### Aim of the task
Every line from the one containing "Як вибрати матрац для спальні" to the one containing "黄色い悲鳴(女性のキャーキャー声)の再生済みの波形" in the records below, both included, must be set down exactly, and no other line.

### Data extract
++++++++

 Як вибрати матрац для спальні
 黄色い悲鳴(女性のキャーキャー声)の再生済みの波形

++++++++

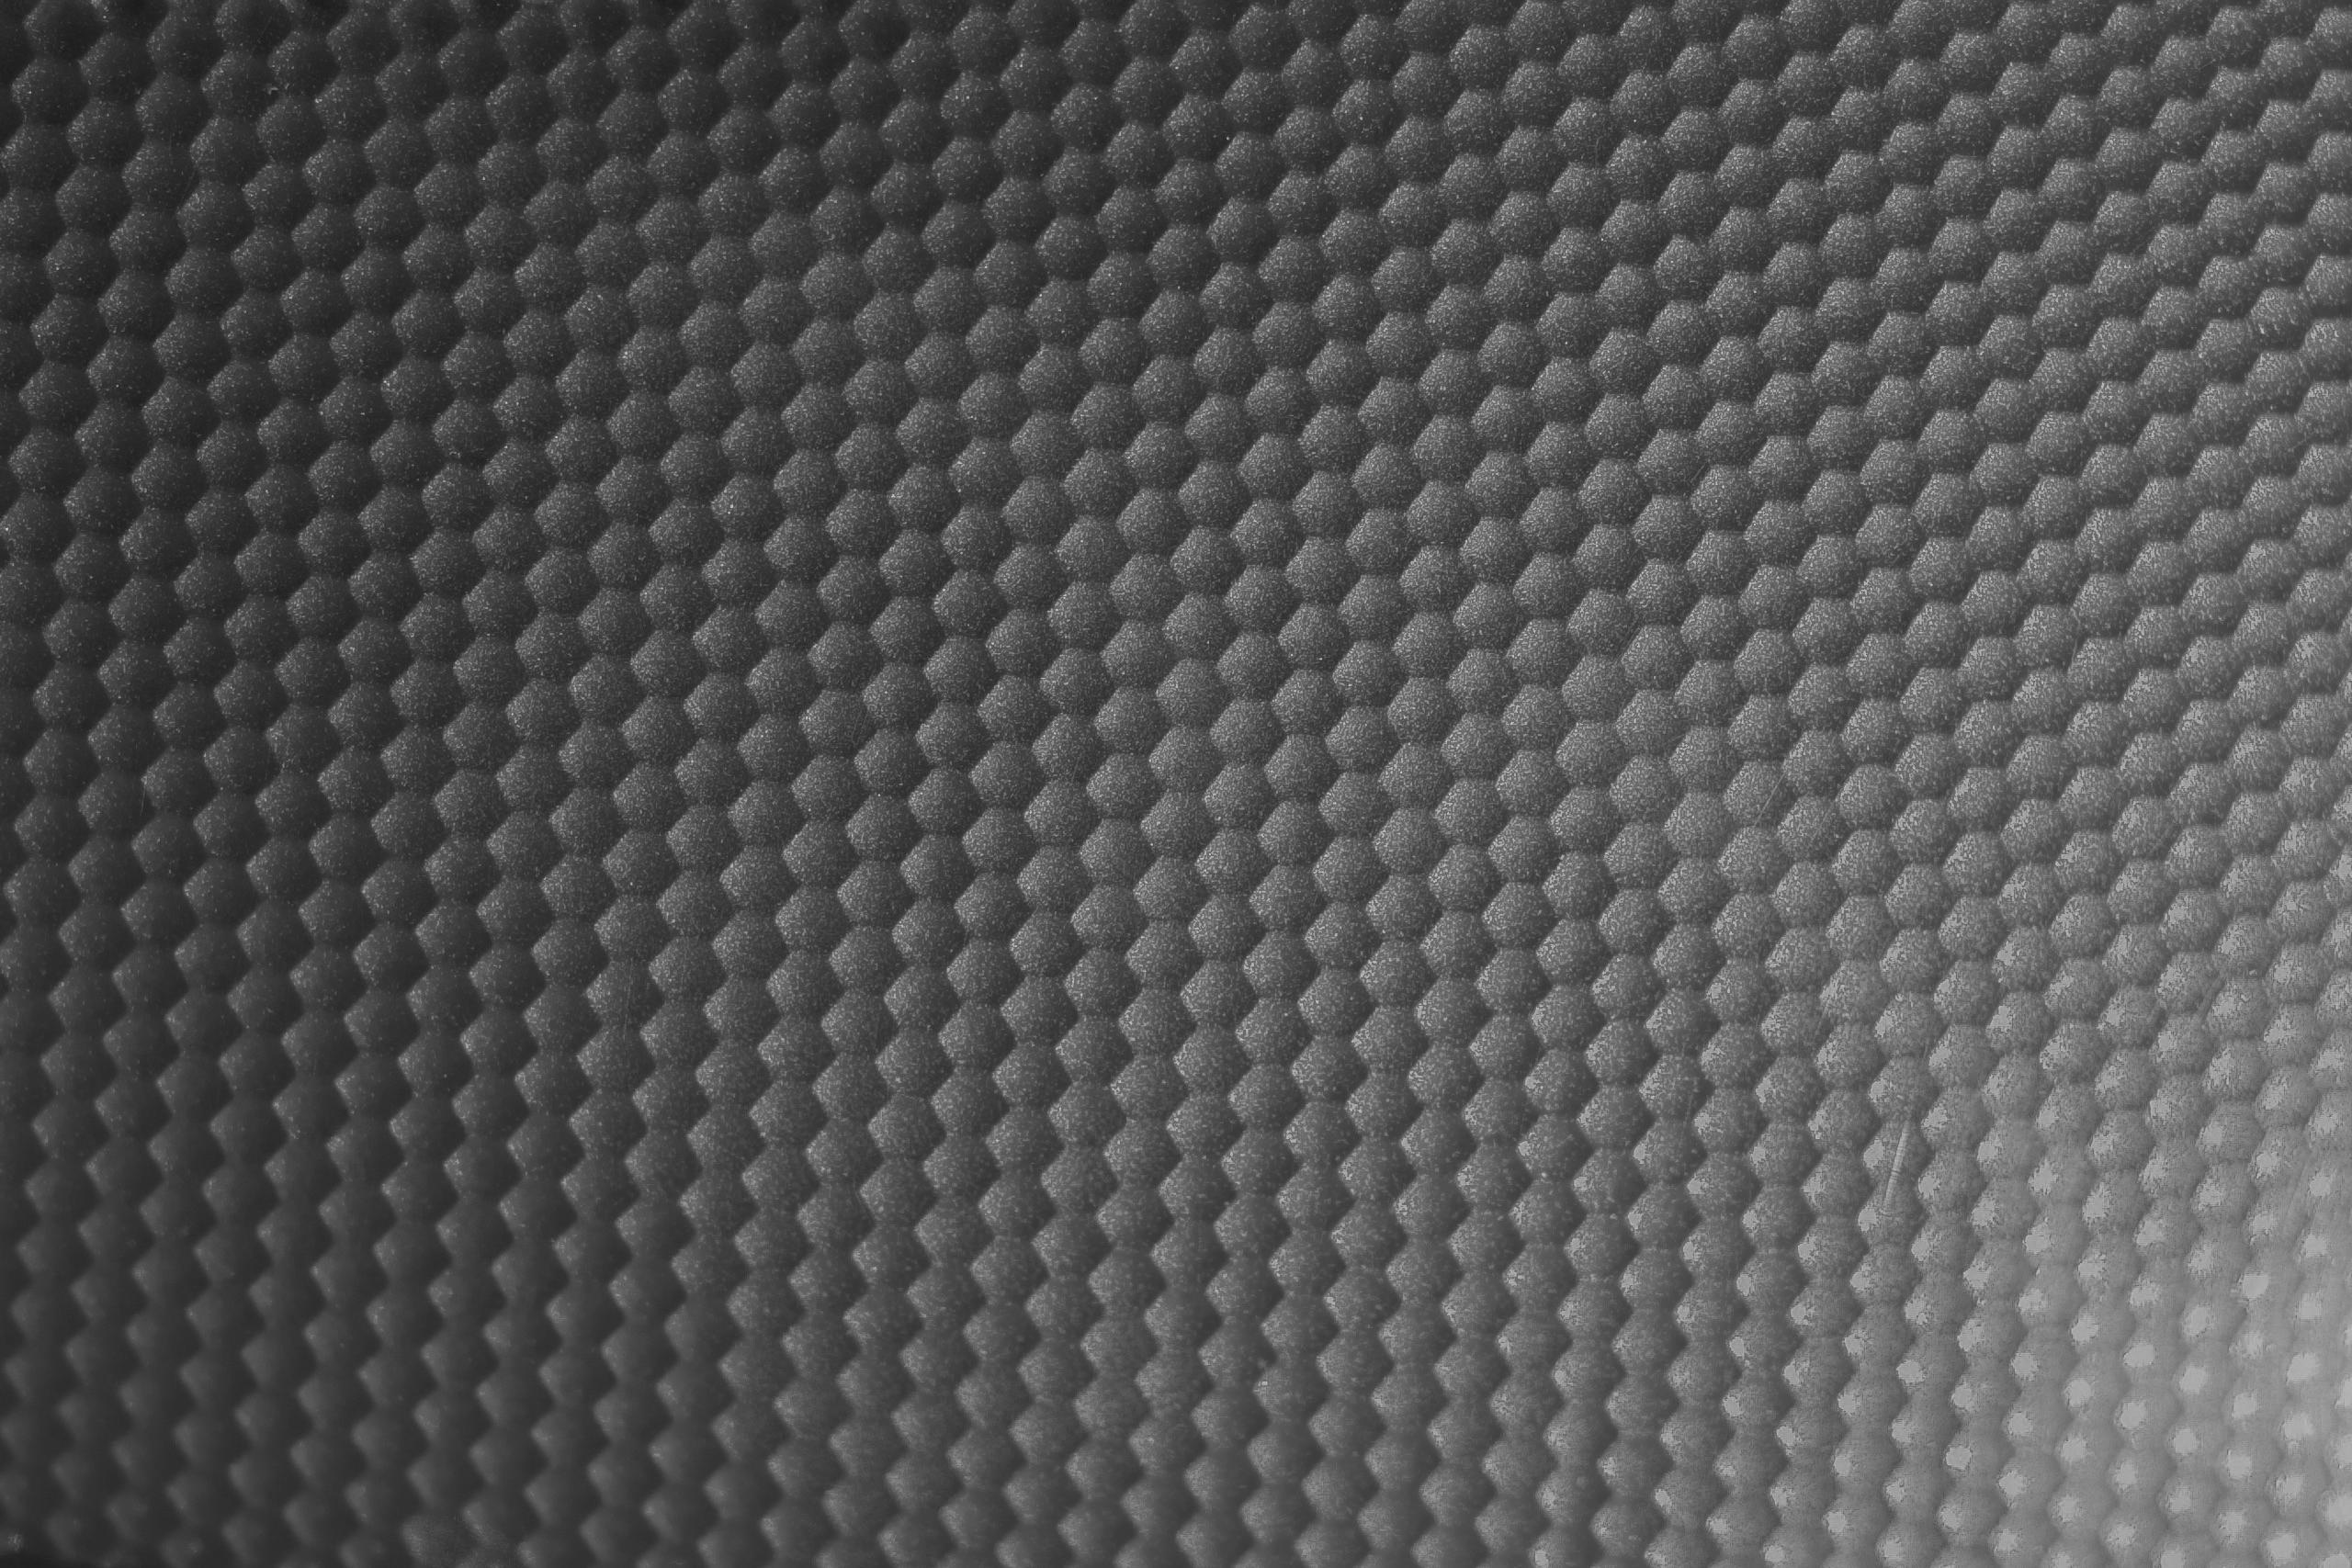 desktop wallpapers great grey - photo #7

++++++++

### Your response
 Як вибрати матрац для спальні
 黄色い悲鳴(女性のキャーキャー声)の再生済みの波形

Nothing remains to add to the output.